Data matrices are a convenient way to record and store data. If another individual or case is added to the data set, an additional row can be easily added. Similarly, another column can be added for a new variable.
Census2016_wide_by_SA2_year
data set5. This data set includes information about each SA2: its name, the state where it resides, its population in 2006,2011 and 2016 and many other characteristics. How might these data be organized in a data matrix? Reminder: look in the footnotes for answers to in-text exercises.6
sa2_code | sa2_name | persons | prop_units | mortgage | income |
---|---|---|---|---|---|
501011001 | Augusta | 5431 | Mid | 21600 | 61672 |
501011002 | Busselton | 26334 | Low | 21600 | 62296 |
501011003 | Busselton Region | 10280 | Low | 24000 | 83876 |
501011004 | Margaret River | 8830 | Low | 20796 | 70408 |
501021005 | Australind - Leschenault | 17592 | Mid | 22644 | 87620 |
501021007 | Capel | 5195 | Mid | 20796 | 71864 |
501021008 | College Grove - Carey Park | 6746 | Low | 18204 | 55796 |
501021009 | Collie | 8798 | Low | 18204 | 60164 |
501021010 | Dardanup | 3142 | Low | 24000 | 85020 |
501021011 | Davenport | 9 | Low | 0 | 136500 |
501021012 | Eaton - Pelican Point | 11756 | Low | 21840 | 80652 |
2.2.1 Types of variables
Examine the \(\texttt{mortgage}\) , \(\texttt{persons}\) , \(\texttt{sa2}\_\texttt{name}\) , and \(\texttt{year}\) variables in the Census2016_wide_by_SA2_year
data set. Each of these variables is inherently different from the other three yet many of them share certain characteristics.
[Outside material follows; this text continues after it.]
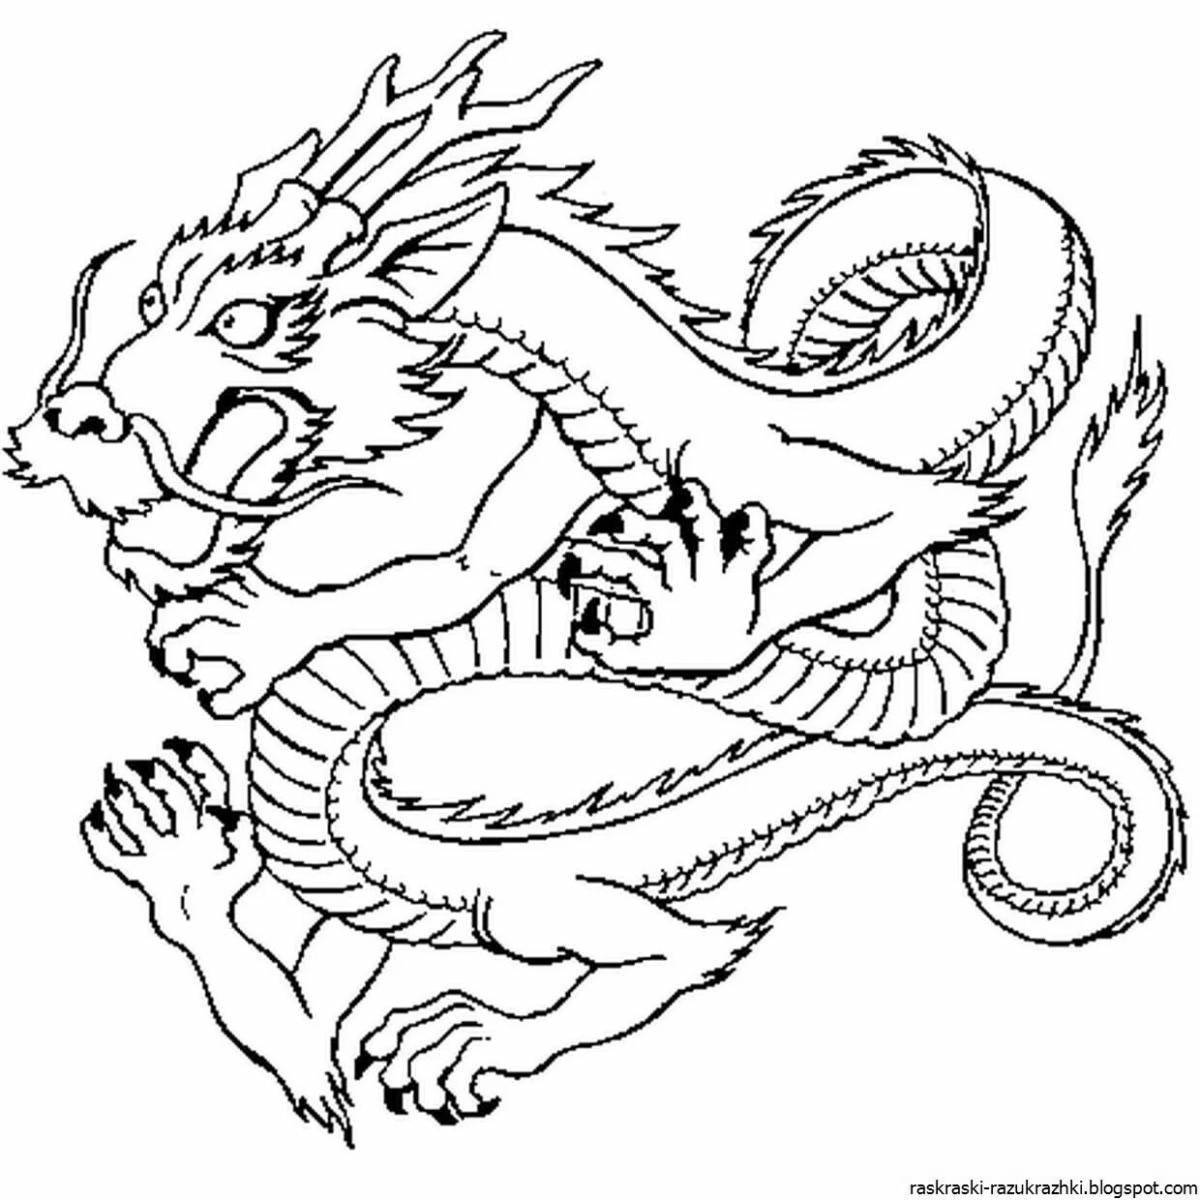 Brilliant chinese dragon coloring book

First consider \(\texttt{mortgage}\) which is said to be a numerical variable since it can take a wide range of numerical values, and it is sensible to add, subtract, or take averages with those values. On the other hand, we would not classify a variable reporting telephone area codes as numerical since their average, sum, and difference have no clear meaning.
The \(\texttt{persons}\) variable is also numerical, although it seems to be a little different than \(\texttt{mortgage}\). This variable of the population count can only take whole non-negative numbers \((0,1,2,\ldots)\). For this reason, the population variable is said to be discrete since it can only take numerical values with jumps. On the other hand, the \(\texttt{mortgage}\) variable is said to be continuous.
The variable \(\texttt{sa2}\_\texttt{name}\) can take up to 2240 values as these are one level of the statistical areas into which Australia can be divided. Because the responses themselves are categories, \(\texttt{sa2}\_\texttt{name}\) is called a categorical variable, and the possible values are called the variable’s levels.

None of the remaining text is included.